> EXERCISE MATERIAL
BEGIN

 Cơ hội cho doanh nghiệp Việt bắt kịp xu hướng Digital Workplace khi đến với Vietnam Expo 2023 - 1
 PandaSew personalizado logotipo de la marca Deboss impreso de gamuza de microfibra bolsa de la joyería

END
BEGIN

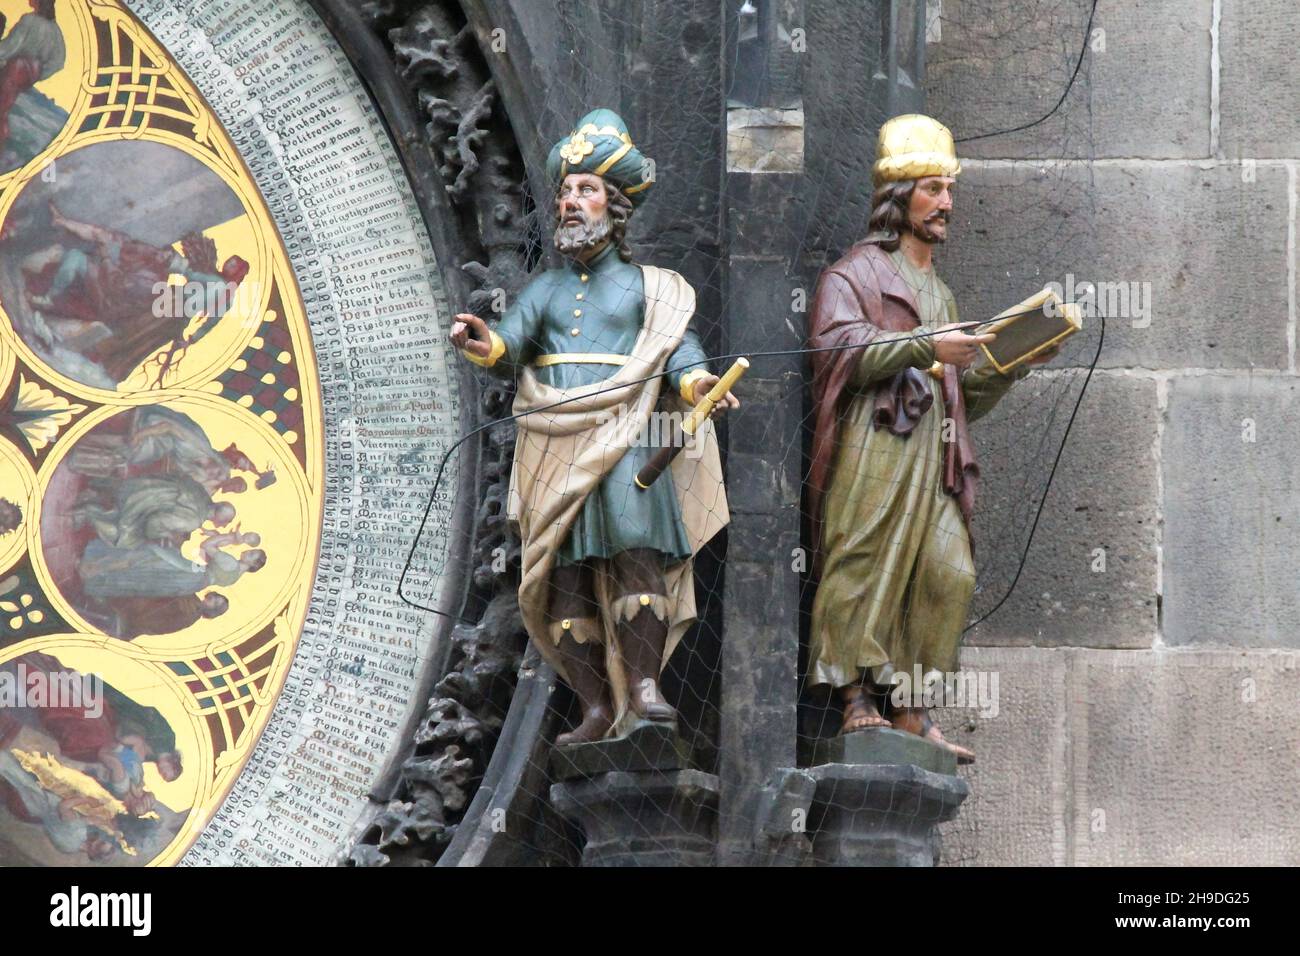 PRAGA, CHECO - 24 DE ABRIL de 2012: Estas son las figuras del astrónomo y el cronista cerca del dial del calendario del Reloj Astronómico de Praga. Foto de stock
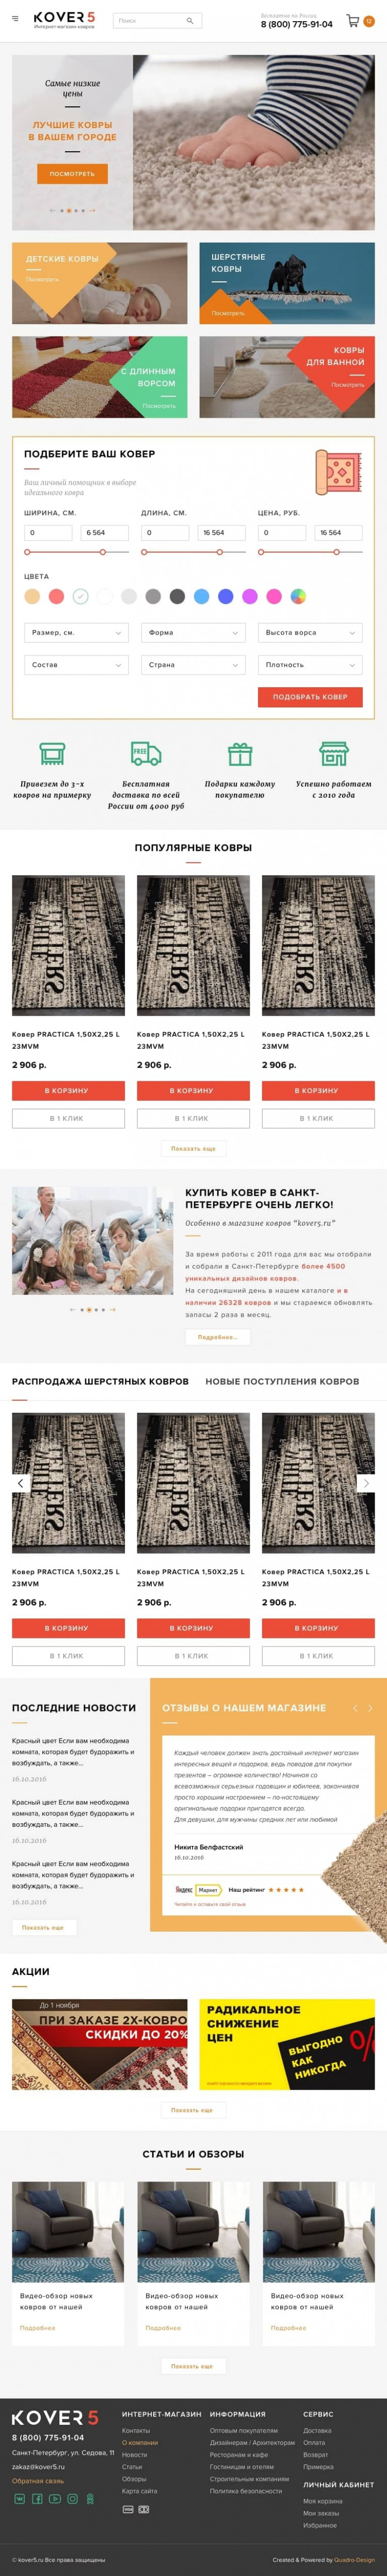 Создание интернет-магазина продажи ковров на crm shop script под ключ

END

> PROBLEM
Send back exactly the lines of the listing above starting at the one with "Cơ hội cho doanh" and ending at the one with "PandaSew personalizado logotipo", inclusive, and no others.

> EXERCISE OUTPUT
 Cơ hội cho doanh nghiệp Việt bắt kịp xu hướng Digital Workplace khi đến với Vietnam Expo 2023 - 1
 PandaSew personalizado logotipo de la marca Deboss impreso de gamuza de microfibra bolsa de la joyería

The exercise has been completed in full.